## The data
*****

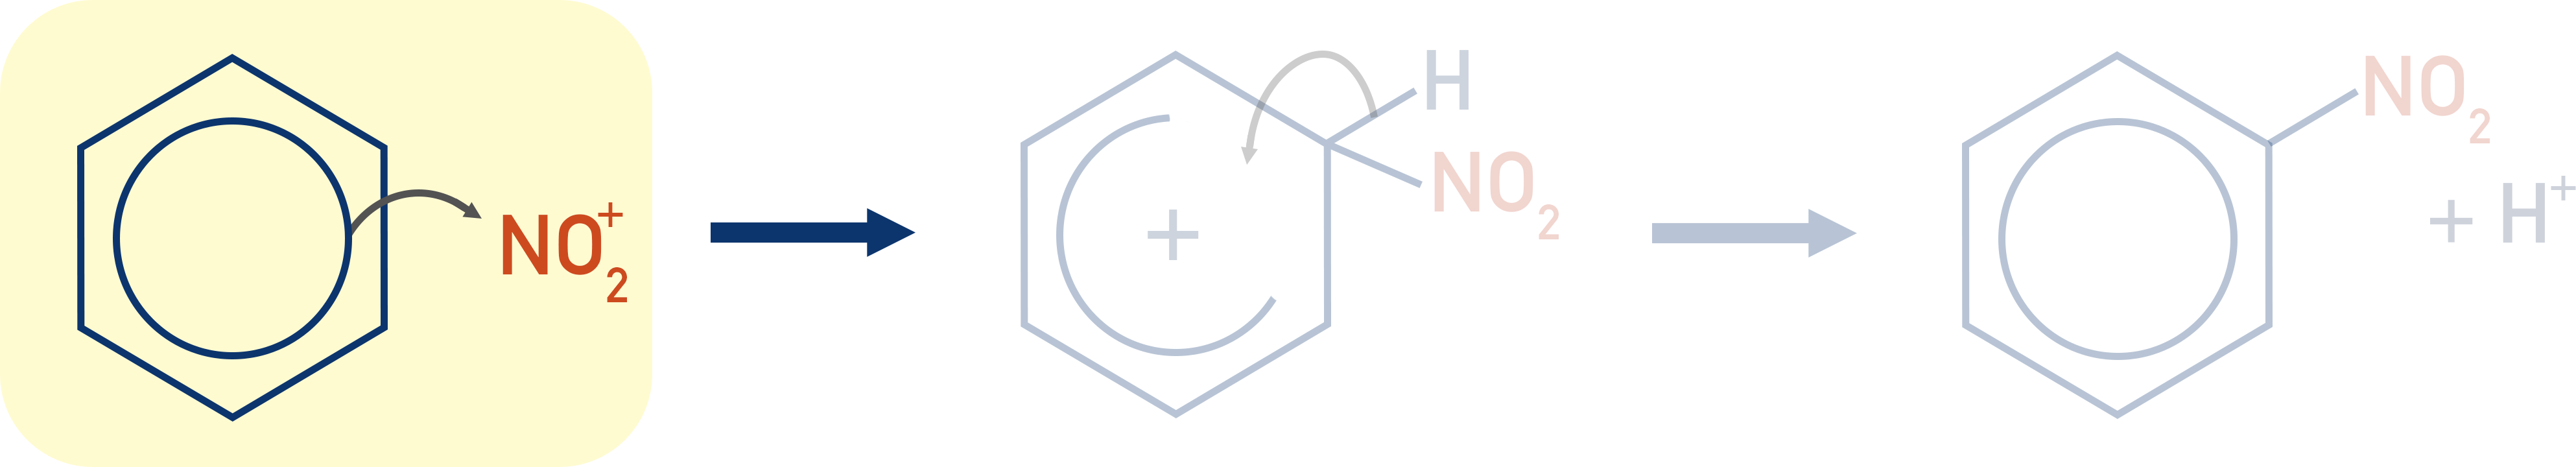 nitration of benzene mechanism first step electrophilic substitution
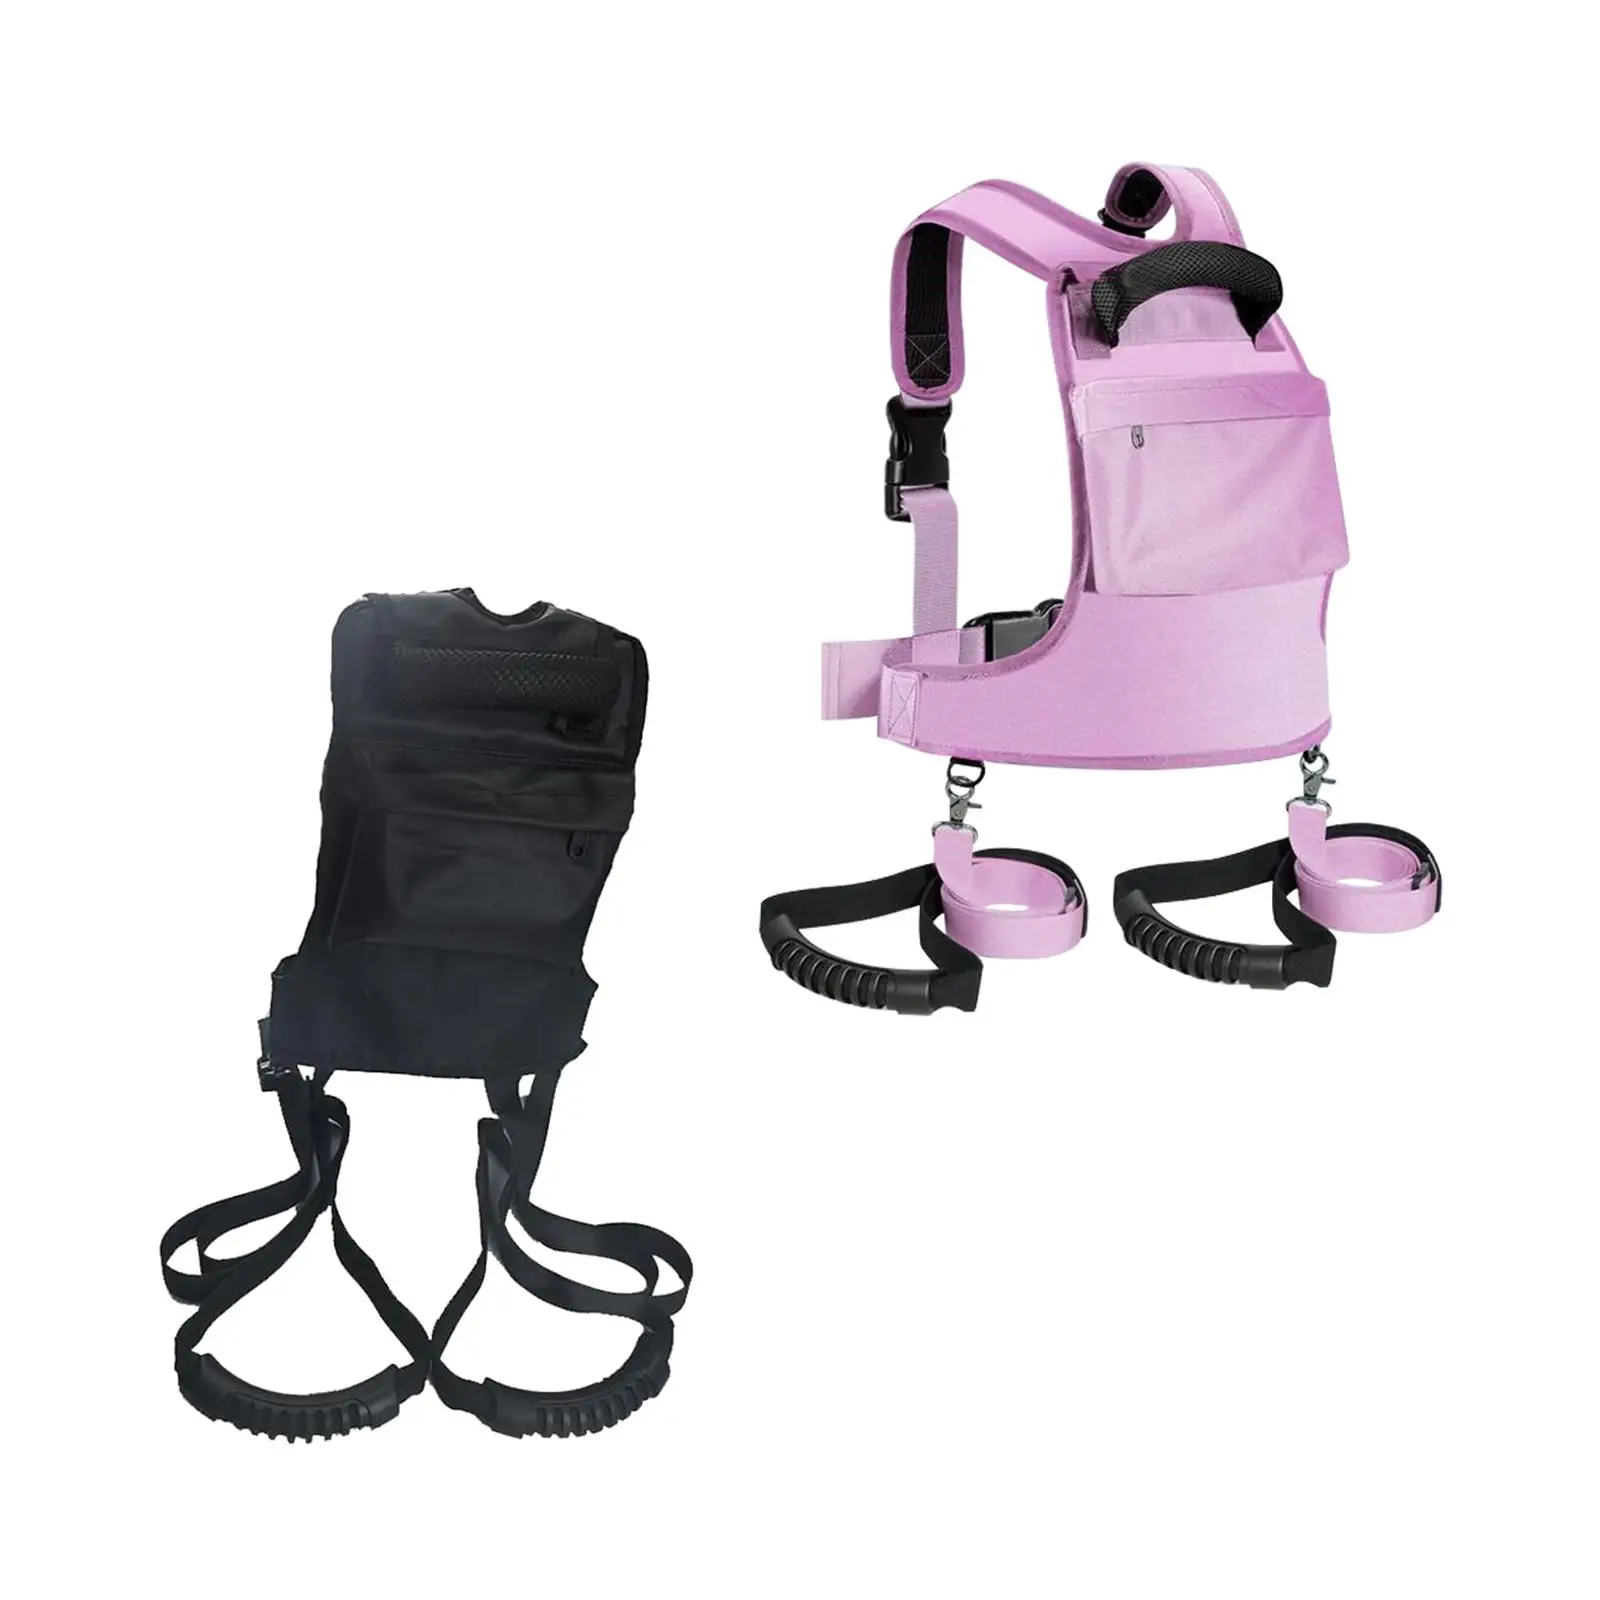 Kids Ski and Snowboard Harness with Removable Leash Learning to Ski Safely Ski
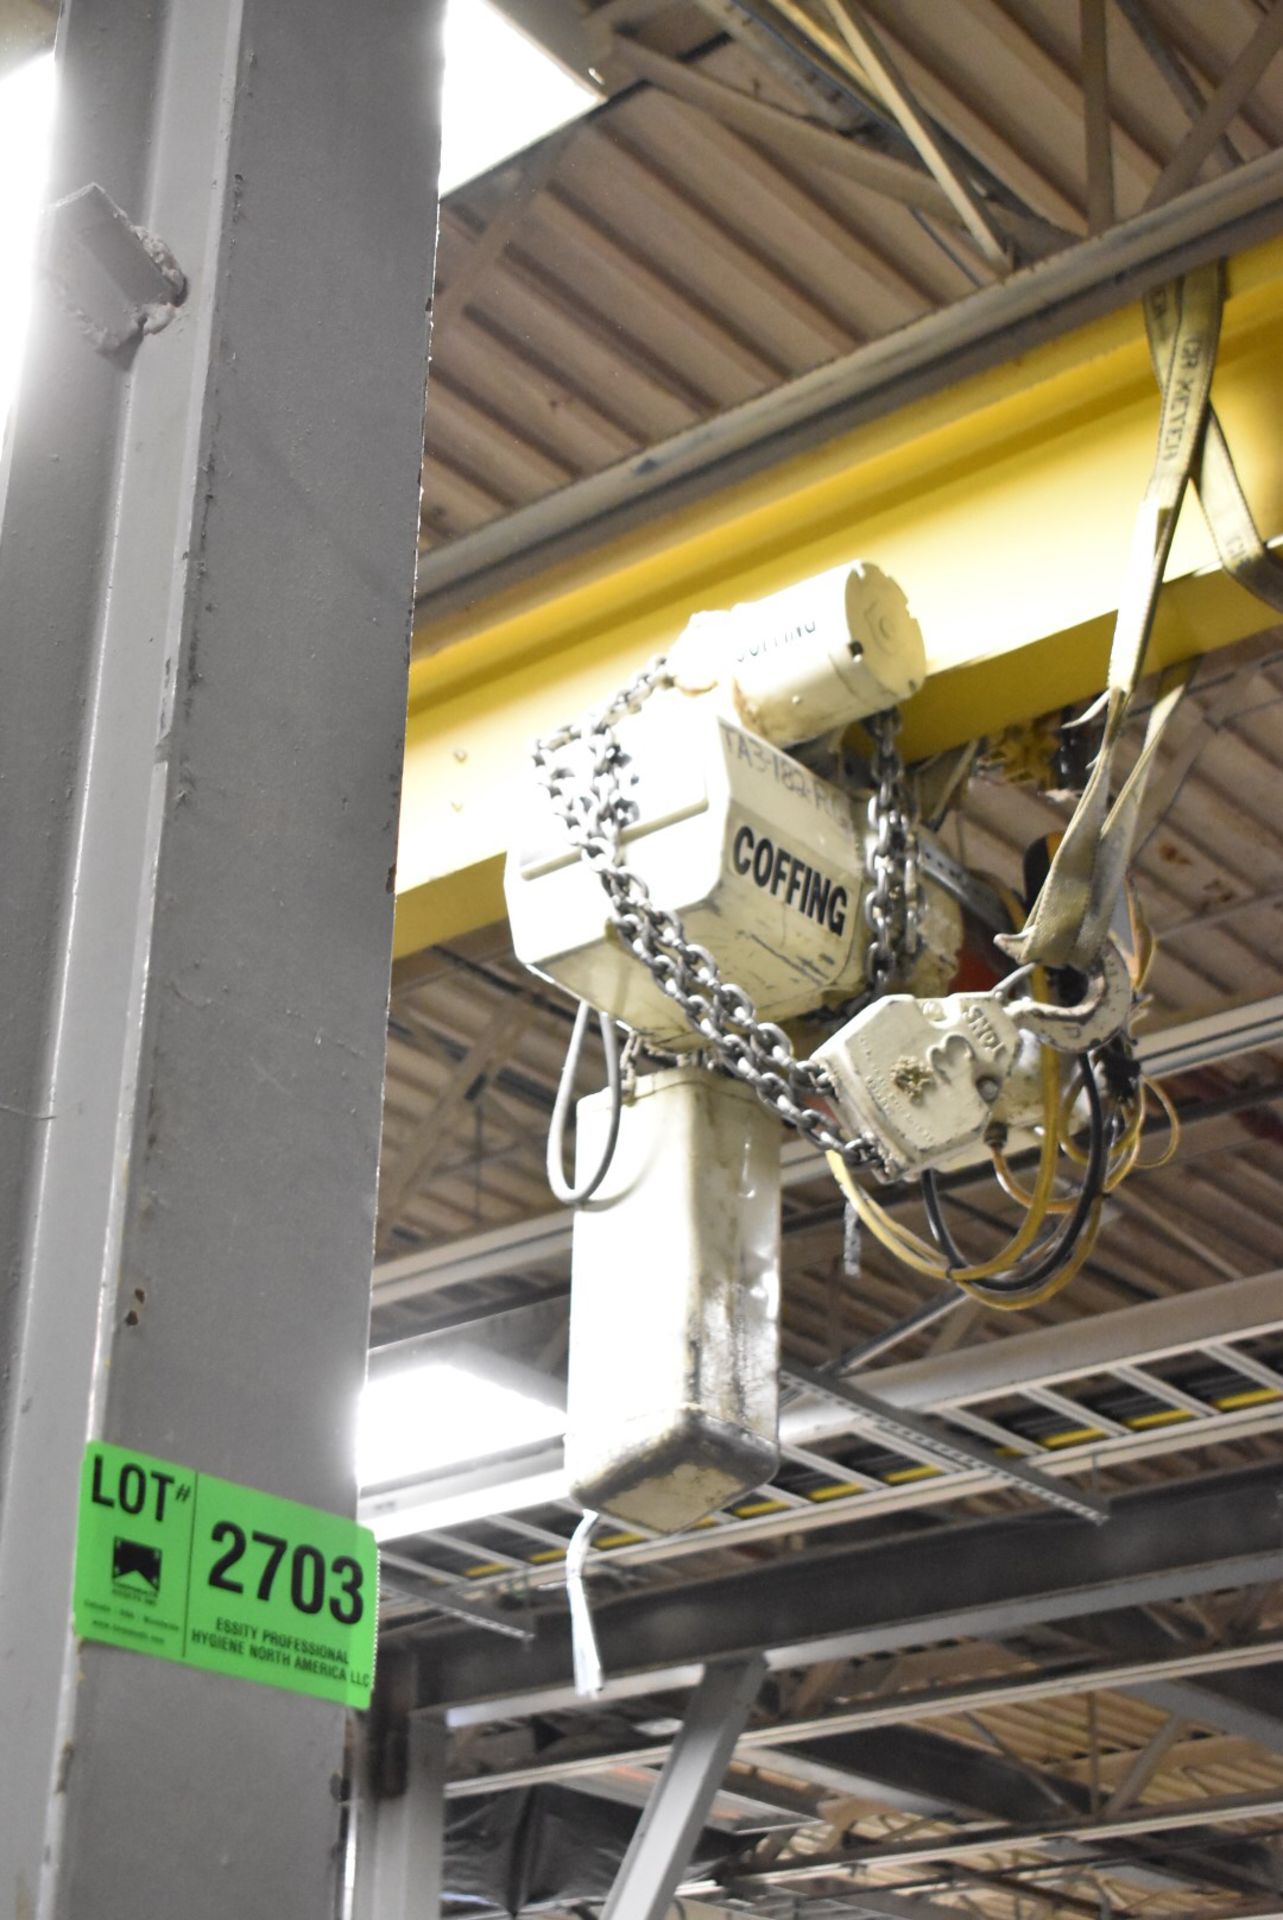 COFFING 3 TON ELECTRIC CHAIN HOIST (CI) [RIGGING FEES FOR LOT #2703 - $150 USD PLUS APPLICABLE

*****

Transcribe, please, the lines from the one holding "Kids Ski and" to the final line of the material, both included, exactly and with no extra lines, and skip the pictures.

## Answer for the task
 Kids Ski and Snowboard Harness with Removable Leash Learning to Ski Safely Ski
 COFFING 3 TON ELECTRIC CHAIN HOIST (CI) [RIGGING FEES FOR LOT #2703 - $150 USD PLUS APPLICABLE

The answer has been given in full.